Outside of poetical romances, one does not find many examples of Oriental beauty. There are multitudes of pretty children, and the girls of twelve or fourteen have large, soft eyes, regular features and graceful figures; but early marriages and the subsequent drudgery, combined with a lack of proper dentistry, usually turn them into toothless, wrinkled hags at an age when they should be most attractive. There are exceptions among the richer classes and among girls who have been educated in schools connected with European or American missions; but on the whole there are very few fine-looking women over twenty-five years old to be found in Palestine.
We are therefore surprised to notice that many of these Bethlehem women are really handsome; not with the rich, voluptuous beauty which is usually associated with the East, but with a matronly dignity which appeals more strongly to our Western eyes. We enjoy watching that young mother who is carrying the baby upon her shoulder; she is such a straight, slender woman, with clean-cut features and honest eyes.
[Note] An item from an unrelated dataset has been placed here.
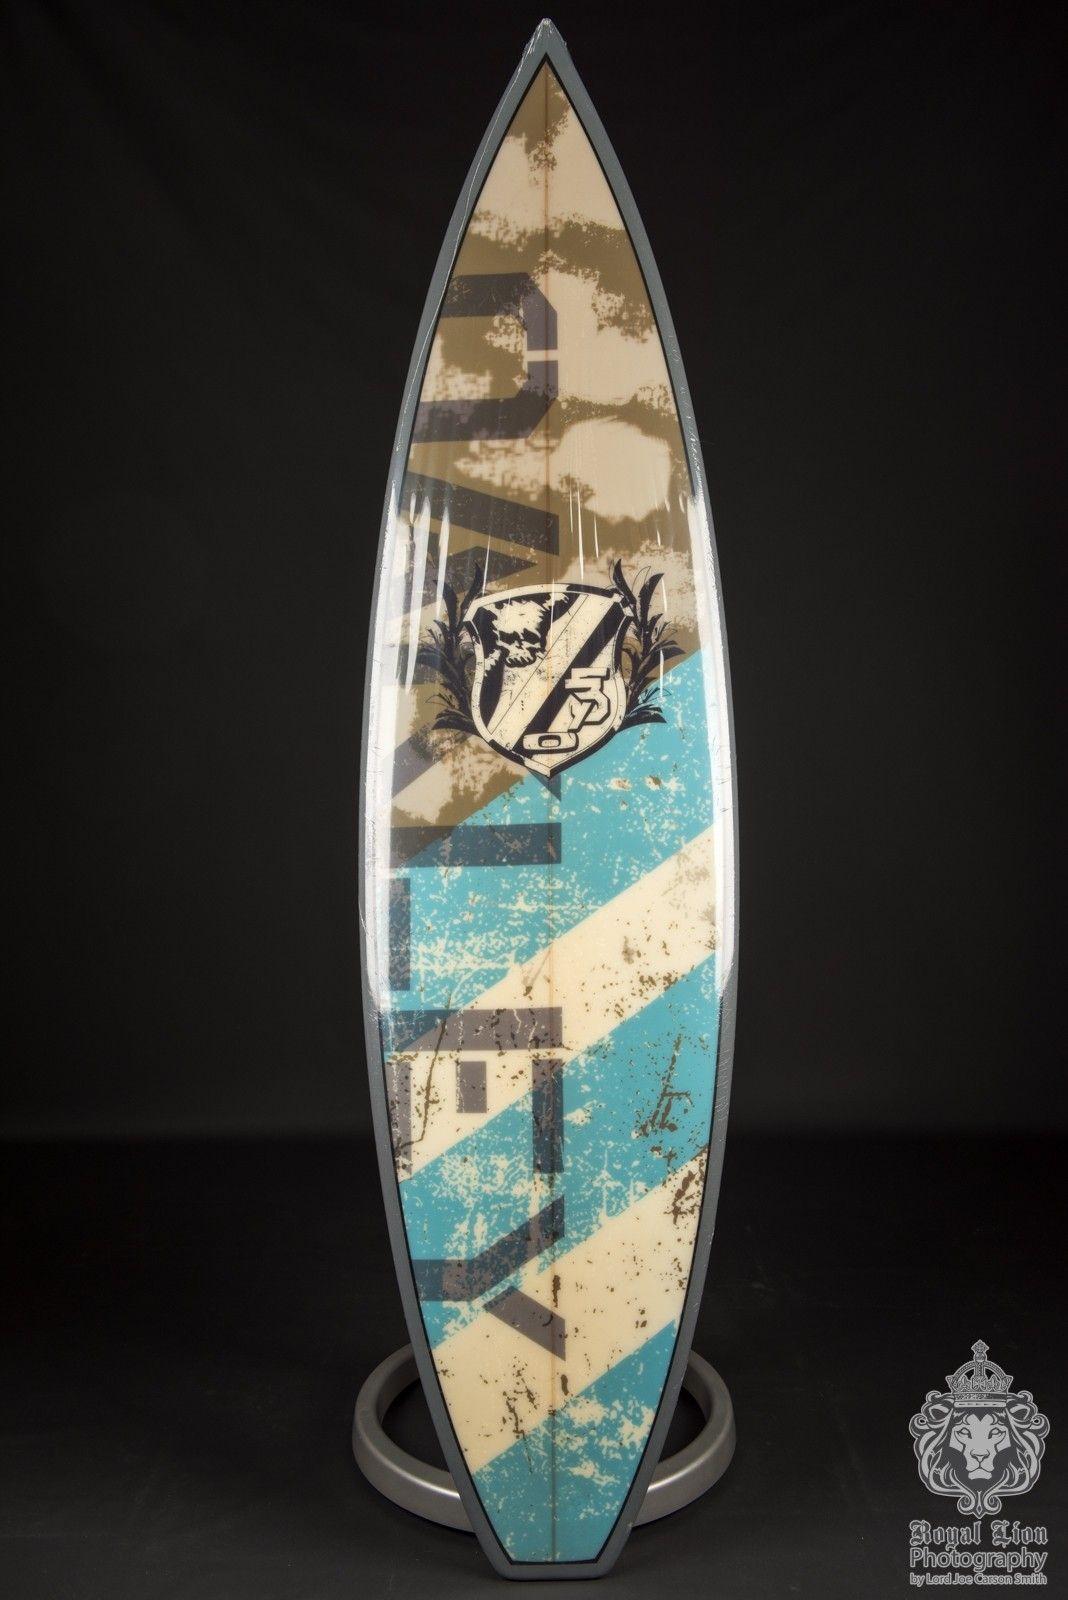 Flying Tiger Surfboard - Still in Shrink Wrap - Price Drop - ND8_3456.jpg

We like the old woman beside her; an old woman who looks like a grandmother, not like a withered witch, and who carries herself with a dignity that wins our admiration.
It may be due to nothing more than good food and pure water, or to the great headdresses which make it necessary to stand so erect; but whatever the cause, it seems to us that not even in Nazareth have we seen so many self-respecting, motherly-looking women as in this town which once witnessed the apotheosis of motherhood.
As we stroll along the well-paved road, we pass one spot after another which is not only connected by tradition with the sacred history, but which has been noted by such a long succession of pious pilgrims that even the most trivial fables seem to bind us more closely with the innumerable throng which for nineteen centuries has been treading with reverent feet this ancient highway to the birthplace of our Lord.
Off to our right is the Wâdi el-Werd, “The Valley of Roses,” which recalls the quaint tale of Sir John Mandeville. At the left of the road is a well by which Mary is said to have rested on her way to Bethlehem, and in which a few days later the Wise Men found again the reflection of the guiding Star. Some distance further on, near the venerable monastery of St. Elijah, the “Field of Peas” is still strewn with its little, rounded stones. A sudden rise in the road broadens our horizon so that we can see, off to the left and very far below us, the dark blue waters of the Dead Sea. Six or seven miles to the southeast there rises the striking profile of the Frank Mountain, shaped like a truncated pyramid, upon whose platform lie the ruins of Herod’s famous castle. Glimpses of Bethlehem itself are caught now and then between the surrounding heights. We pass the tomb of beautiful, warm-hearted, impulsive Rachel, the sadness of whose lonely burial by the roadside has touched the hearts of passers-by for nearly forty centuries.
Here we leave the main road, which goes on southward to Hebron, and turn in to the left to Bethlehem. “David’s Well” has long been identified with a series of cisterns hewn in the rock some distance before we reach the modern city. Somewhere in the fields below us Ruth gleaned among the harvesters of Boaz. Somewhere among those same fields the youthful David tended his father’s sheep. Somewhere above them rang the glad music of the angelic Gloria. Somewhere on the long hilltop, now covered by the white, closely-built houses of the town, the Saviour of the world was born.
The heart must be dead to romance as well as to religion, which does not beat with a strange, solemn excitement upon entering the Christmas City.